SALEM, Ohio – How would you like it if the county commissioners came knocking at your door to say they were selling off your farm or home to build a new Wal-Mart?
Or, if they said most of your neighborhood would be razed and a car dealership would replace the ranches and saltbox homes that had been there for years?
The U.S. Supreme Courtrecently said it was OK for local governments to take homes, small businesses and churches to build something a little more economically beneficial.
But that decision didn’t sit well with many Ohioans.
Legislators jumped on the issue and Aug. 3 introduced legislation that might protect Ohioans from the most recent interpretation of eminent domain.
The concept. The power of eminent domain comes from the Fifth Amendment of the U.S. Constitution: ” … Private property [shall not] be taken for public use without just compensation.”
That power was typically held for projects like highways and sewer lines, things most Americans agreed were for the public good.
But some local governments pushed the definition to include any type of project that might be economically beneficial, not just for the good of the community.
Kelo case. A good example of the ‘new’ eminent domain is in New London, Conn. Susette Kelo’s home and her neighbors’ homes were condemned by the city of New London so developers can build luxury condos, a hotel, and office space.
Kelo’s case went all the way to the U.S. Supreme Court, which said in a 5-4 decision in June, “the city has carefully formulated a development plan that it believes will provide appreciable benefits to the community, including, but not limited to, new jobs and increased tax revenue.”
“Promoting economic development is a traditional and long accepted governmental function, and there is no principled way of distinguishing it from the other public purposes the court has recognized,” wrote Justice John Paul Stevens.
The majority court opinion also said, however, “there is no allegation that any of [the] properties is blighted or otherwise in poor condition; rather, they were condemned only because they happen to be located in the development area.”
Federal response. The decision sent landowners and lawmakers into a tizzy, prompting both the federal House and Senate to take action.
U.S. Rep. James Sensenbrenner Jr. of Wisconsin and U.S. Sen. John Cornyn of Texas penned bills to curb what they’re calling abuse of eminent domain.
Sensenbrenner introduced his bill July 1 and garnered the support of 126 other federal legislators, and Cornyn’s has 25 cosponsors.
Both bills are in committee.
Ohio’s John Boehner was one supporter. “The founding fathers fought a revolution against a government with unlimited authority to seize private property,” Boehner said.
“And yet that’s exactly what the Supreme Court’s handed us: a government that can take what it wants when it wants it. This bill is a step in the right direction in reclaiming property rights for Americans,” he said.

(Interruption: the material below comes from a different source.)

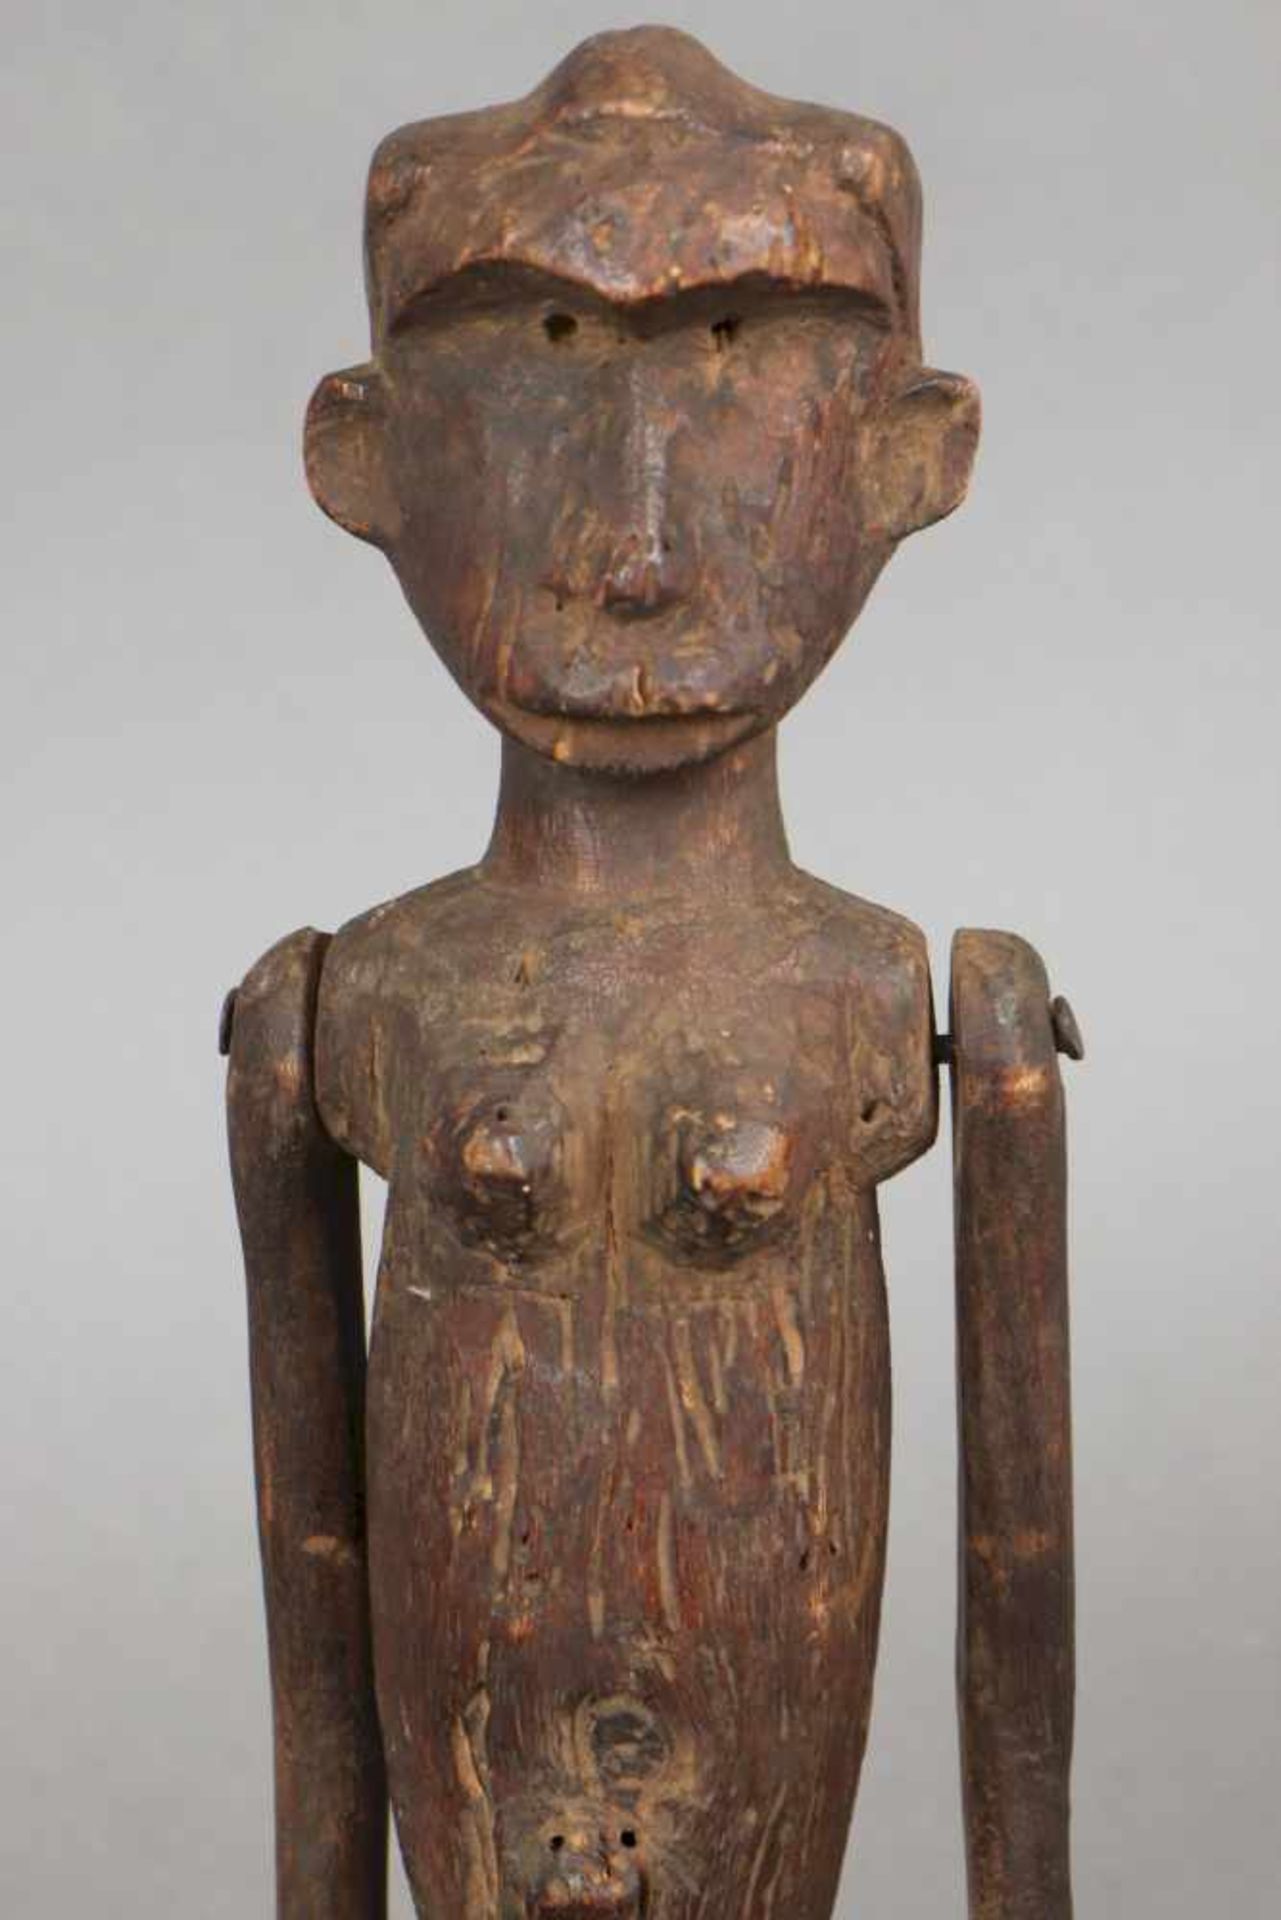 2 Sukuma ¨Marionetten¨ Figuren, Tanzania Holz, geschnitzt, mit beweglichen Gliedmaßen, weibliche - Bild 3 aus 3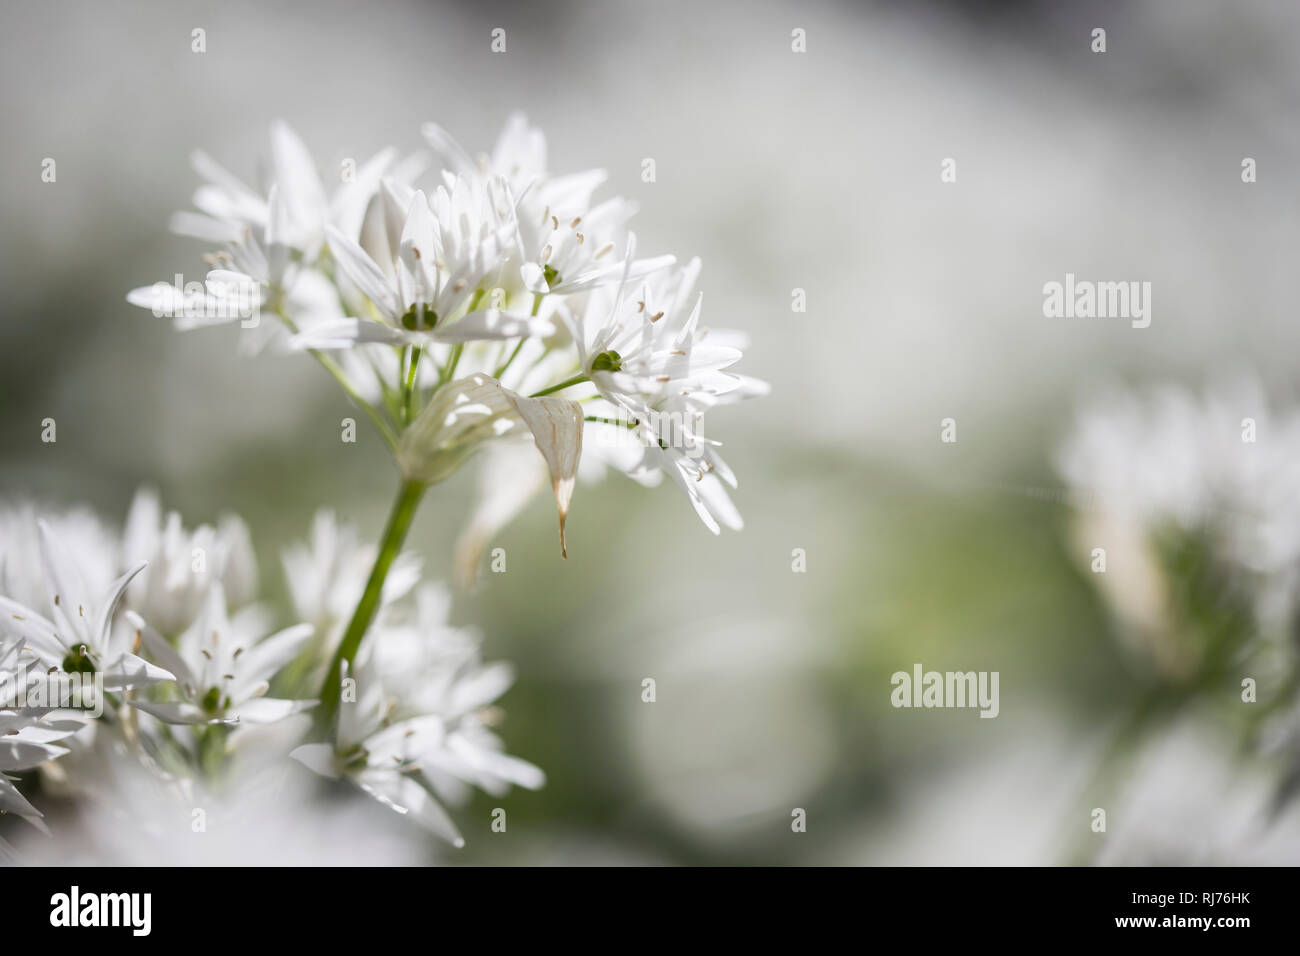 Bärlauch in voller Blüte, Allium ursinum, Nahaufnahme, Unschärfe, Gegenlicht, Stock Photo

Georgia’s Rep. Phil Gingrey filed a related bill that would affect taxation on property seized by eminent domain.
Swift action. Lawmakers in at least 31 states have also taken swift action.
Last week, Alabama Gov. Bob Riley signed into law legislation that prohibits cities and counties from using eminent domain for private development or for enhancing tax revenue. Alabama is the first state to take action in the wake of the Kelo ruling.
A number of other states have also introduced legislation or went back to the table on previously introduced bills, according to the Institute for Justice.
Other states are working on state constitutional amendments or have formed commissions and task forces to study the concept of eminent domain.
In Ohio. Just last week, the action trickled down to Ohio.
State Sen. Timothy Grendell of Chesterland took his turn on the floor Aug. 3 and introduced a bill
to impose a statewide moratorium on eminent domain.
“Eminent domain is an important tool for local governments to use, but it should not be abused or exploited,” Grendell said in a written release.
The legislation is cosponsored by Sen. Kimberly Zurz.
“Citizens are scared that their property could be wrongly taken from them without any recourse,” Zurz said.
“The definition of blighted property now has a twisted meaning for private developers who can use it for their benefit. It’s not fair or right for private property owners to feel vulnerable because of this court ruling.”
Wait and see. The legislation proposes a hold period until Dec. 31, 2006, which will give the legislature time to review and develop a response to the issue, said Jarrod Bottomley, an assistant to Grendell.
“We feel this is wrong. Eminent domain is supported for public use, but not for private benefit,” Bottomley said.
“The public shouldn’t have to give up their home for a corporation.”
Bottomley said the legislation also calls for a task force to review eminent domain and decide its best course for Ohioans.